Peristiwa ini bermula dari pembunuhan akibat kesalahpahaman sekelompok orang mengenai santet. Bagi mereka yang tidak paham dengan sosiologi masyarakat Banyuwangi, santet diidentikkan dengan perbuatan kejam melalui perantara sihir.
Santet juga erat kaitannya dengan Banyuwangi. Bahkan stigma ini sudah dikenal oleh masyarakat di luar kota ini.
Padahal, menurut dosen Sejarah di IAIN Surakarta Latif Kusairi, terminologi masyarakat Banyuwangi yang kebanyakan terdiri dari suku Using, Jawa, dan Madura menilai santet tak identik dengan sihir jahat.
"Semua yang ada di Banyuwangi dianggap sebagai santet. Maksudnya santet ini sudah menjadi bagian dari masyarakat Banyuwangi," kata Latif dalam diskusi pada Kamis (16/5/2019) sore.
Dia melanjutkan, ada beberapa klasifikasi tersendiri mengenai santet yang ada di Banyuwangi. Klasifikasi ini berdasarkan dampak yang ditimbulkan akibat santet tersebut, yaitu santet merah, santet kuning, santet putih dan santet hitam.
Santet merah merupakan santet yang bersifat pelaris saja. Jika seseorang yang berjualan tak laku, maka biasanya menggunakan santet ini agar dagangannya laris.
Orang Banyuwangi menyebut ini juga dengan istilah santet, yang tentu berbeda dengan orang Jawa bagian Tengah.
"Minta pelaris untuk orang jualan saja di Banyuwangi disebut santet" kata Latif.
Baca juga: Mengenang Geger Santet, Tragedi Pembantaian di Banyuwangi pada 1998
Santet kuning merupakan santet bersifat memikat. Seperti "jaran goyang" dan "sabuk mangir" yang digunakan untuk memikat lawan jenis.
Sementara itu, santet putih biasanya dilakukan oleh kiai untuk menetralisasi santet merah, santet kuning, dan santet hitam. Biasanya kiai memberikan minuman khusus yang ditujukan oleh seseorang.
"Orang sakit meminta kesembuhan ke kiai dengan minum air yang sudah didoakan. Itu merupakan santet putih namanya," ujar Latif.
Adapum, santet hitam merupakan hal yang paling berbahaya. Melalui ilmu hitam ini, seseorang yang jadi sasarannya bisa mati.

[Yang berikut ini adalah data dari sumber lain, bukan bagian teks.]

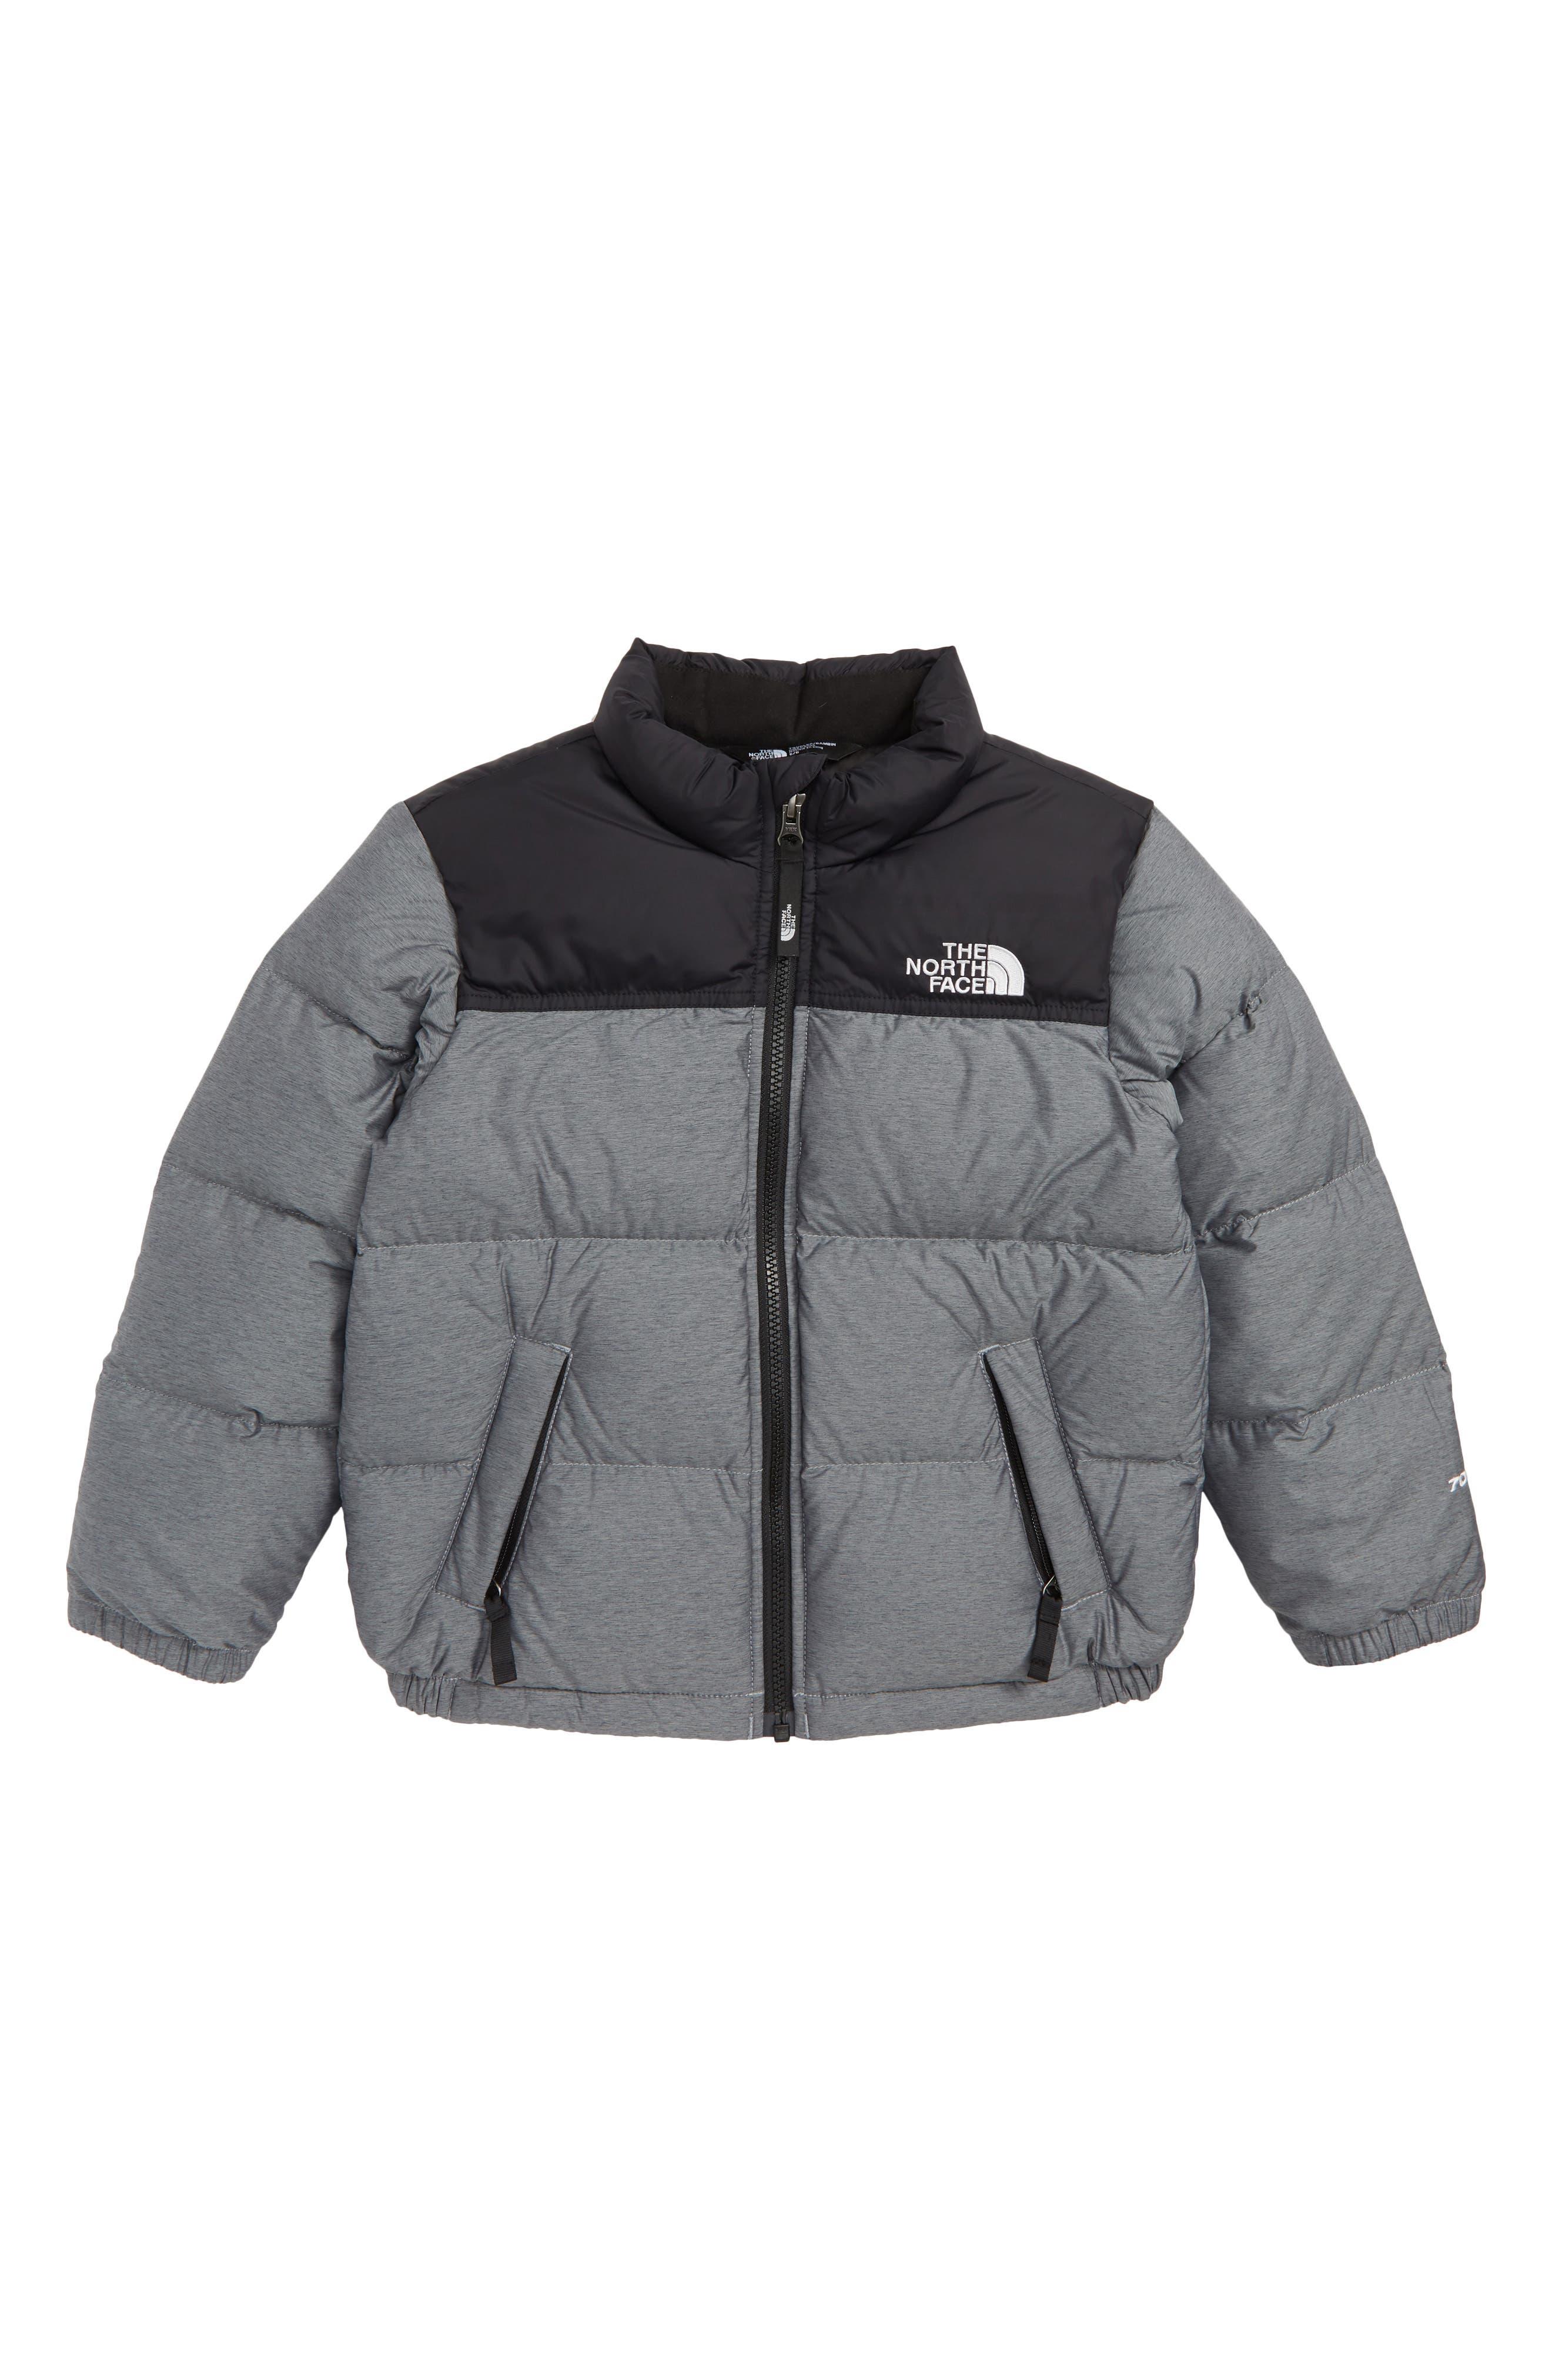 Nuptse 700 Fill Power Down Jacket,                         Main,                         color, HEATHER GREY

Meski santet jadi bagian dari budaya, tentu saja tidak semua praktik santet itu dilakukan masyarakat Banyuwangi. Banyak anak-anak yang juga bisa melakukan teknik santet, karena sudah diturunkan dari orang tuanya masing-masing.
Pembunuhan terhadap dukun santer pada Februari 1998 bermula dari kesalahpahaman terhadap santet. Karena santet dianggap sebagai perbuatan sihir jahat, agresif, bahkan digunakan untuk membunuh orang.